Updated by hsbt (Hiroshi SHIBATA) 2 days ago
- Related to Bug #21034: try to mark T_NONE object error after upgrading to 3.4.1 added
Updated by alanwu (Alan Wu) about 21 hours ago
I have a patch that should address the issue. It definitely fixes a bug, seems to fix the workload in #21087. If you'd like, try it on for size and share if it works!
diff --git a/yjit/src/codegen.rs b/yjit/src/codegen.rs
index 37ddbce0bb..e8153c17b0 100644
--- a/yjit/src/codegen.rs
+++ b/yjit/src/codegen.rs
@@ -8068,7 +8068,6 @@ fn gen_send_iseq(
}
}
- // Don't nil fill forwarding iseqs
if !forwarding {
// Nil-initialize missing optional parameters
nil_fill(
@@ -8103,9 +8102,13 @@ fn gen_send_iseq(
assert_eq!(1, num_params);
// Write the CI in to the stack and ensure that it actually gets
// flushed to memory
+ asm_comment!(asm, "put call info for forwarding");
let ci_opnd = asm.stack_opnd(-1);
asm.ctx.dealloc_reg(ci_opnd.reg_opnd());
asm.mov(ci_opnd, VALUE(ci as usize).into());
+
+ // Nil-initialize other locals which are above the CI
+ nil_fill("nil-initialize locals", 1..num_locals, asm);
}
// Points to the receiver operand on the stack unless a captured environment is used
(This is https://github.com/ruby/ruby/pull/12660 modulo tests so it applies onto 3.4.1 cleanly.)
Updated by alanwu (Alan Wu) about 16 hours ago
- Status changed from Open to Closed
Applied in changeset git|58ccce60cf5f3268e7ef27942b75e78fe2d78e75.
YJIT: Initialize locals in ISeqs defined with ...
(#12660)
- YJIT: Fix indentation [ci skip]
Fixes: cdf33ed5f37f9649c482c3ba1d245f0d80ac01ce
- YJIT: Initialize locals in ISeqs defined with
...
Previously, callers of forwardable ISeqs moved the stack pointer up
without writing to the stack.
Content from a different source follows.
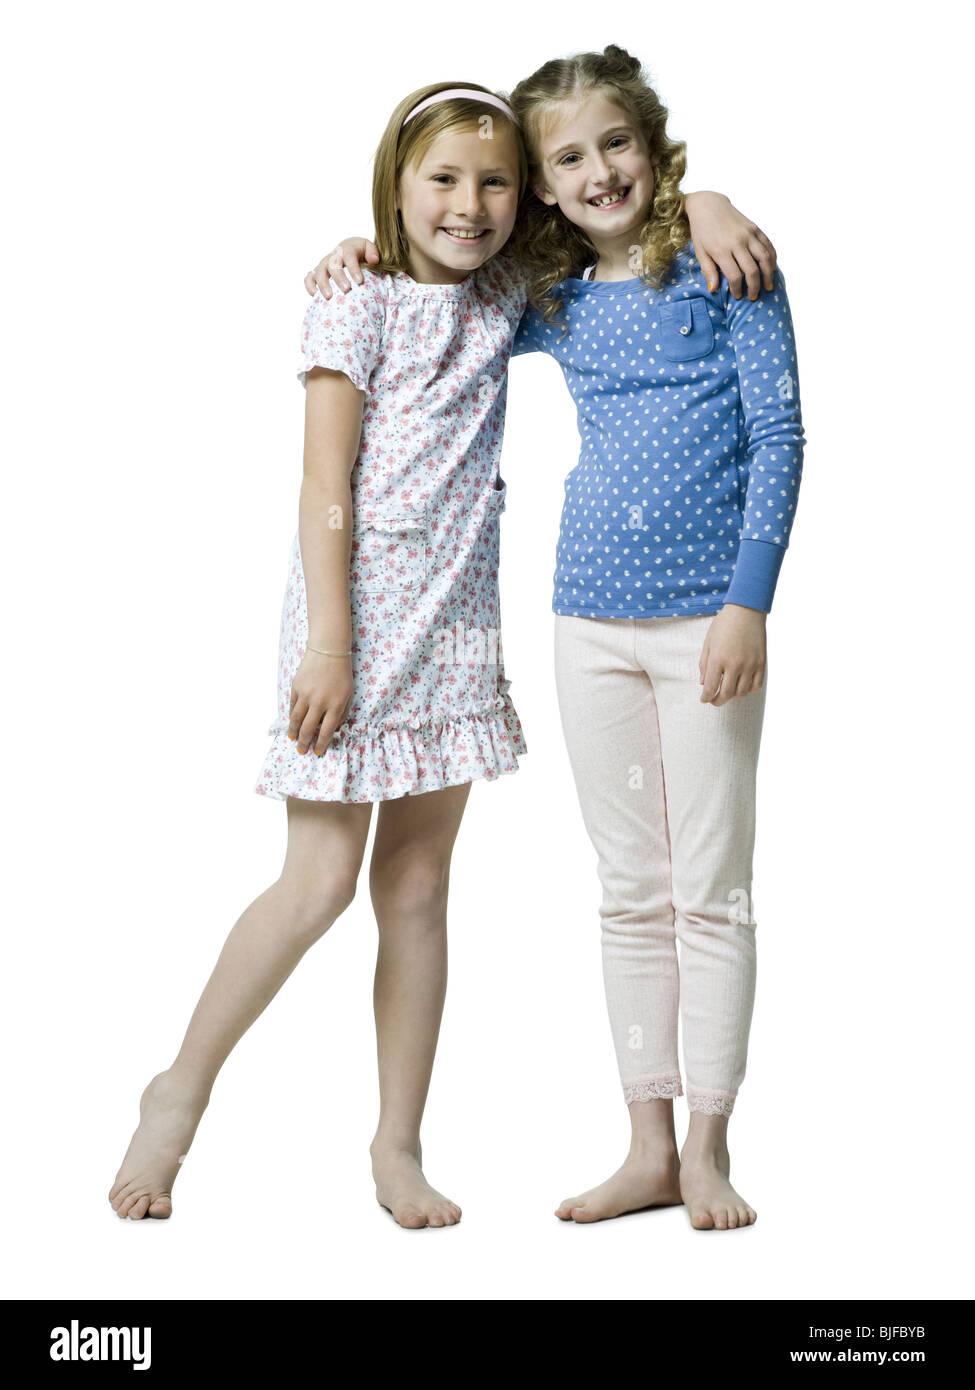 two girls - Stock Image

If there happens to be a stale value in
the area skipped over, it could crash due to "try to mark T_NONE". Also,
the uninitialized local variables were observable through binding
.
Initialize the locals to nil.
[Bug #21021]
Updated by Benoit_Tigeot (Benoit Tigeot) about 6 hours ago
alanwu (Alan Wu) wrote in #note-26:
If you'd like, try it on for size and share if it works!
Running the 3.4.1 with your patch right now. No issues for the moment. Thanks a lot!
I will post an update tomorrow UTC, with more runs of the code impacted.